March 27, 2024, 11:00 AM - 12:00 PM
Location:
Conference Room 301
Rutgers University
CoRE Building
96 Frelinghuysen Road
Piscataway, NJ 08854
Chengyuan Deng, Rutgers University
The hereditary discrepancy of a set system is a quantitative measure of the pseudorandom properties of the system. Roughly speaking, hereditary discrepancy measures how well one can 2-color the elements of the system so that each set contains approximately the same number of elements of each color. In this work, we study the upper and lower bounds on the hereditary discrepancy of set systems of unique shortest paths in graphs.
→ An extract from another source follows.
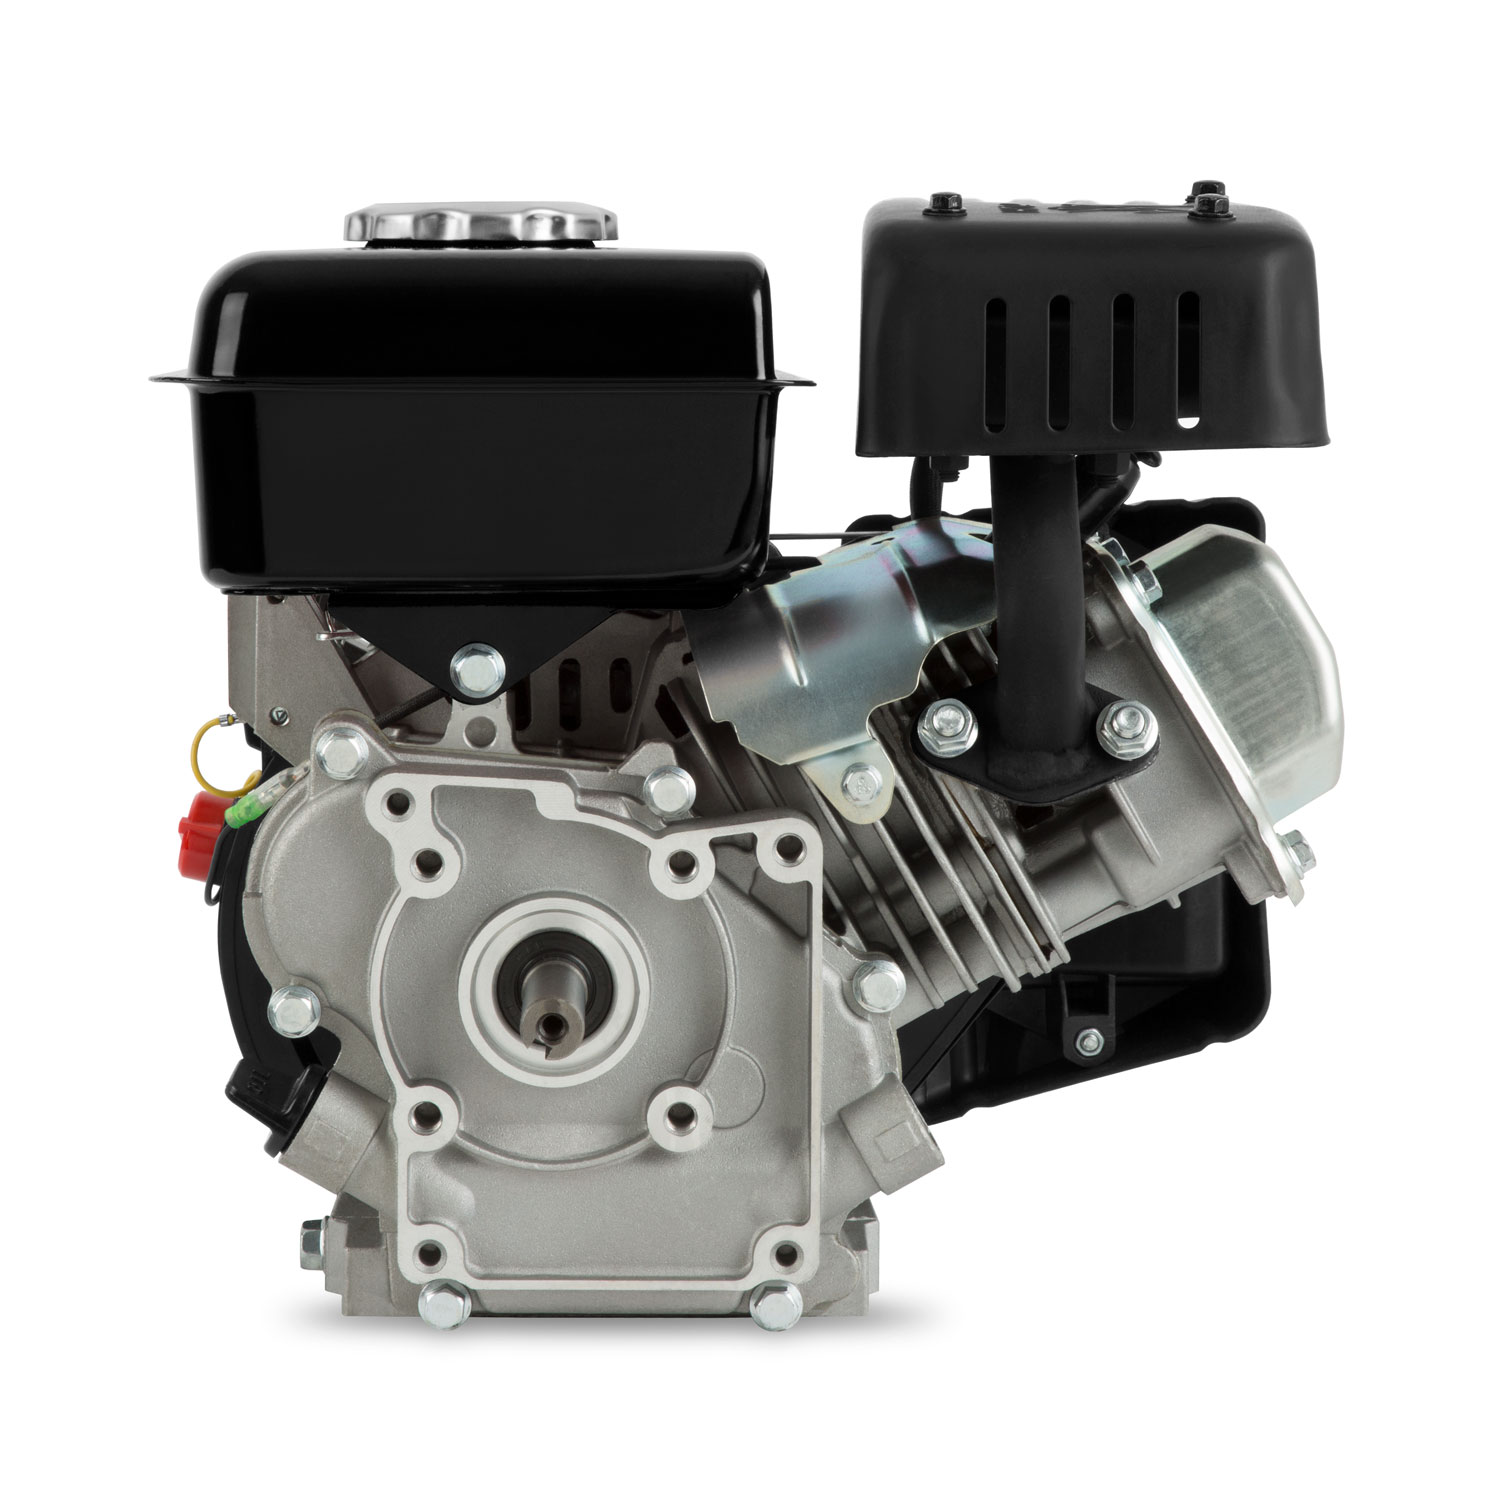 EBERTH 13 PS 9,56 kW Benzinmotor Standmotor Kartmotor Antriebsmotor mit 25  mm Ø Welle, E-Start, 17ah 12V Batterie, Ölmangelsicherung, 4-Takt, 1  Zylinder Industriemotor, 389 ccm Hubraum, luftgekühlt

We show that any system of unique shortest paths in an undirected weighted graph has hereditary discrepancy $O(n^{1/4})$, and we construct lower bound examples demonstrating that this bound is tight up to polylog (n) factors, which holds even for planar graphs and bipartite graphs. We also show similar bounds on (non-hereditary) discrepancy in the setting of directed graphs. As applications, we improve the lower bound on the additive error for differentially-private all pairs shortest distances from $Omega(n^{1/6})$ [Chen et al.~SODA 23] to $tilde{Omega}(n^{1/4})$, and we improve the lower bound on additive error for the differentially-private all sets range queries problem to $tilde{Omega}(n^{1/4})$, which is tight up to $polylog (n)$ factors [Deng et al. WADS 23].